Yet, if you believe that maternal mortality is an issue that doesn't affect women in the U.S., think again.

The U.S. is the only developed nation where the maternal death rate is actually rising!

This upward trend means that this leading nation is now in the company of such impoverished places as Afghanistan, El Salvador, and South Sudan.

Here's what these escalating numbers look like on a smaller, more understandable scale:

•Two women die every day from pregnancy-related causes.

•Some parts of America have maternal mortality rates as steep as Sub-Saharan Africa.

•Pregnancy complications are the 6th most common cause of death among women age 20 to 34.

How could this be happening?

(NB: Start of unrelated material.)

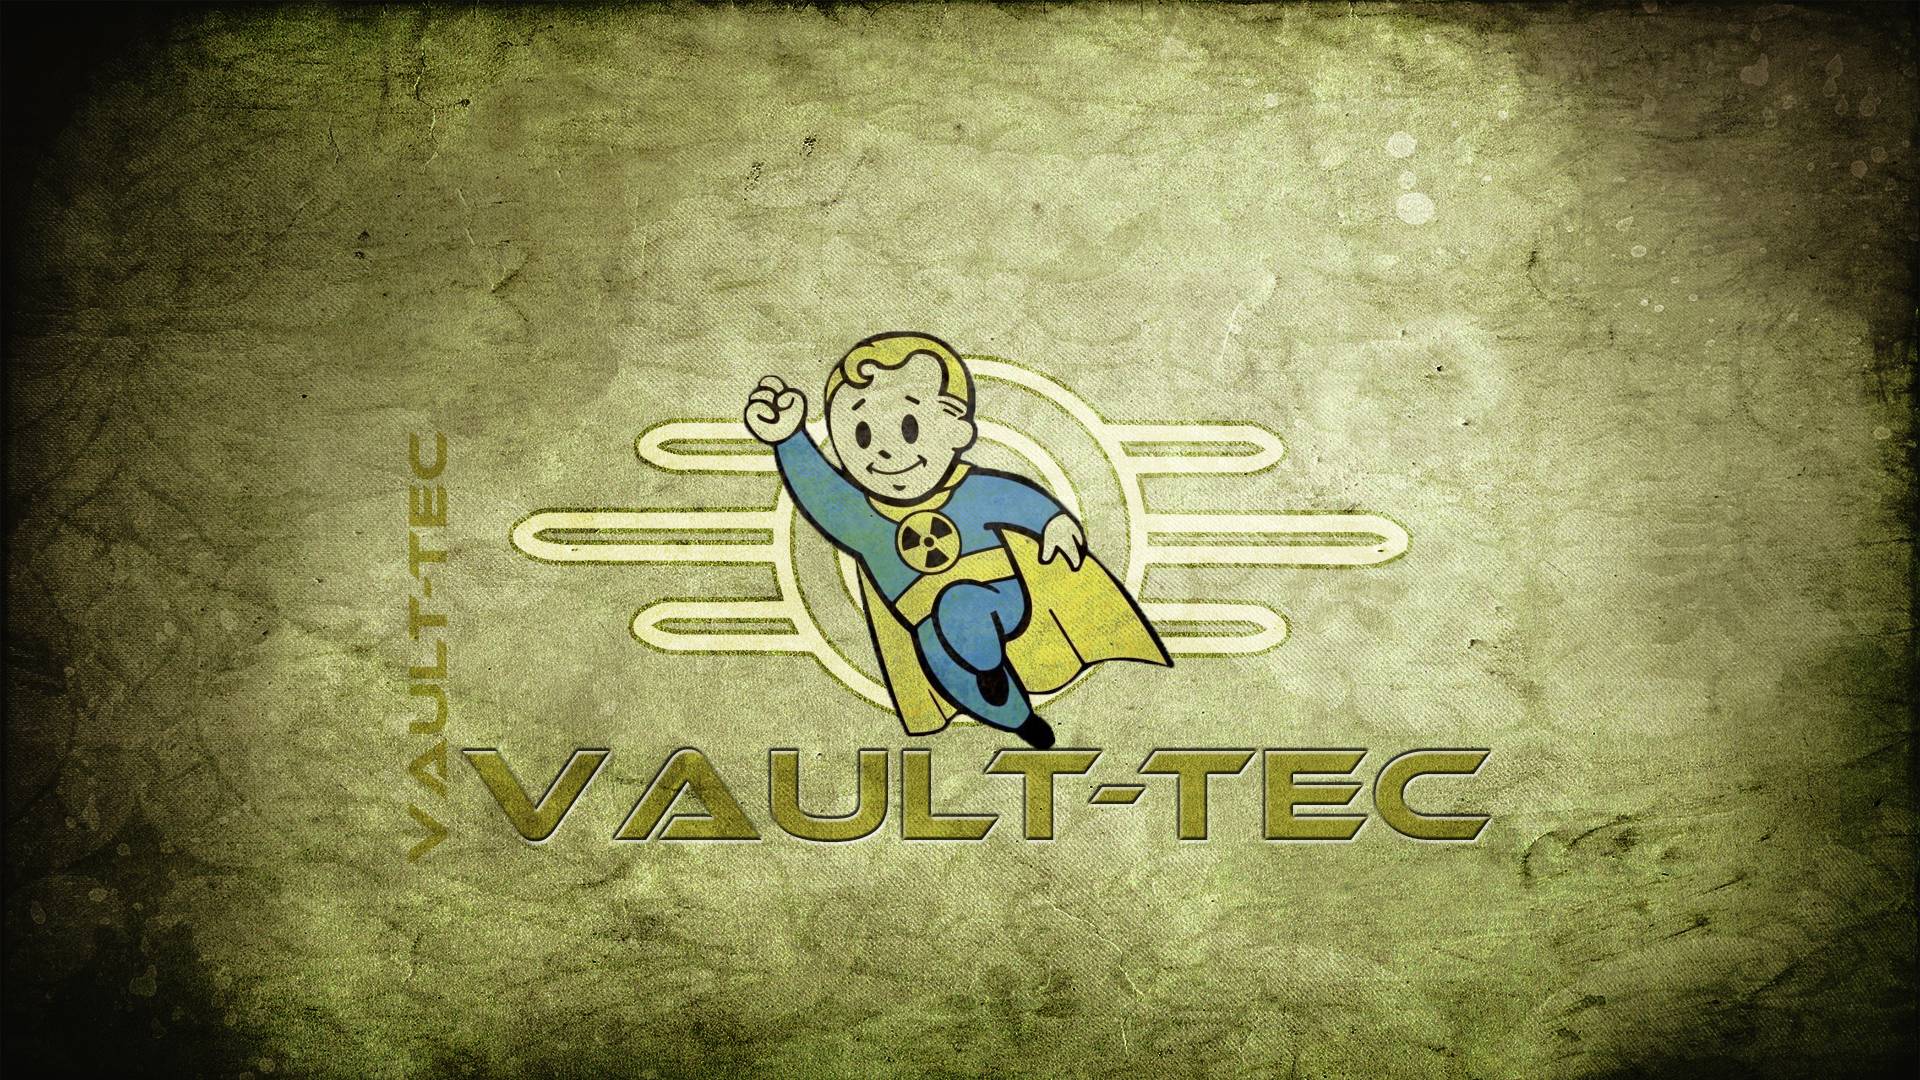 Vault-tec Wallpaper - Fallout , HD Wallpaper & Backgrounds
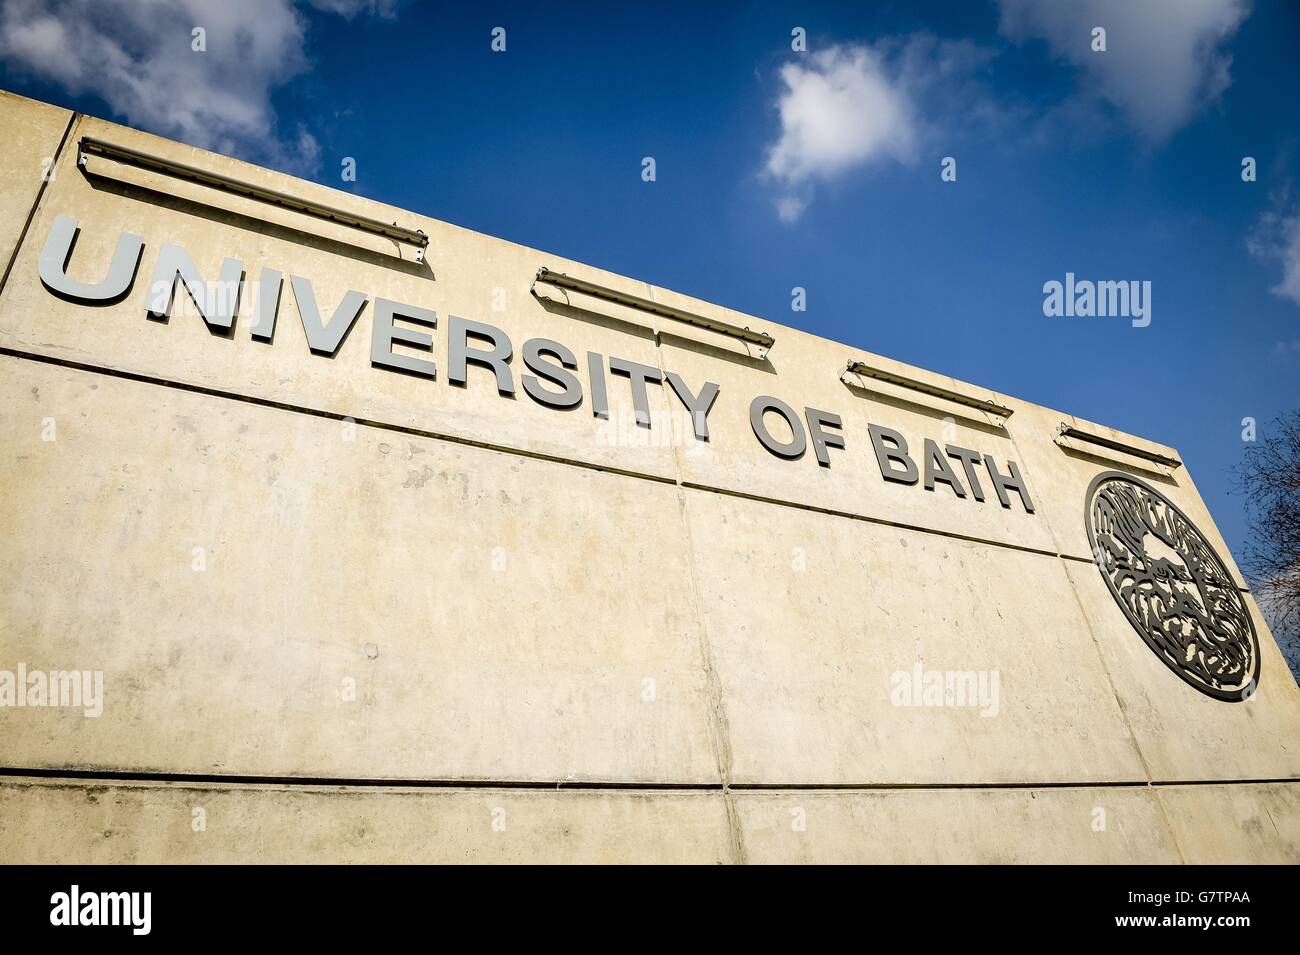 Un panneau à l'Université de Bath, comme une enquête a constaté qu'il offre la meilleure expérience d'étudiant dans le pays. Banque D'Images

Why are American women 3 times more likely to die from pregnancy-related complications than their counterparts in other developed nations like Britain and Japan?

Here are 3 reasons you may not be aware of:

1. Like women in developing nations, women here also face a range of barriers preventing them from obtaining prenatal care. In rural areas across the U.S., hospitals and clinics are few and far between while those serving low-income communities, particularly in urban settings, are often overcrowded and understaffed. And those who are on staff may be overworked or simply unqualified to provide skilled care. Thousands of women are uninsured and those who are eligible for Medicaid receive fewer prenatal care visits at one of the ever-diminishing hospitals and clinics that still accept the low Medicaid reimbursement.

2. America's healthcare is crippled by chronic racism. A report by the Association of Reproductive Health Professionals (ARHP) shows that over the past 50 years, black women who gave birth in the U.S. were approximately 4 times as likely to die as white women!

Latina women in California aren't fairing much better. If a Latina has a complication like preeclampsia, for instance, she is 8 times more likely to die than a white woman with the same condition (a black woman with preeclampsia is 10 times more likely to die).

That same national study by the ARHP on black-white and Mexican-white racial disparities shows that of the five medical conditions that are common causes of maternal death and injury in America (preeclampsia, eclampsia, obstetric hemorrhage, abruption and placenta previa), black and Latino women did not have a higher prevalence of these conditions, as some healthcare professionals will tell you.

They were simply more vulnerable to low standards of healthcare and discrimination. Black women in the study were 2 to 3 times more likely to die than the white women who had the same complication while Latina women faced a higher risk of complications like postpartum hemorrhage than white women due to medical neglect.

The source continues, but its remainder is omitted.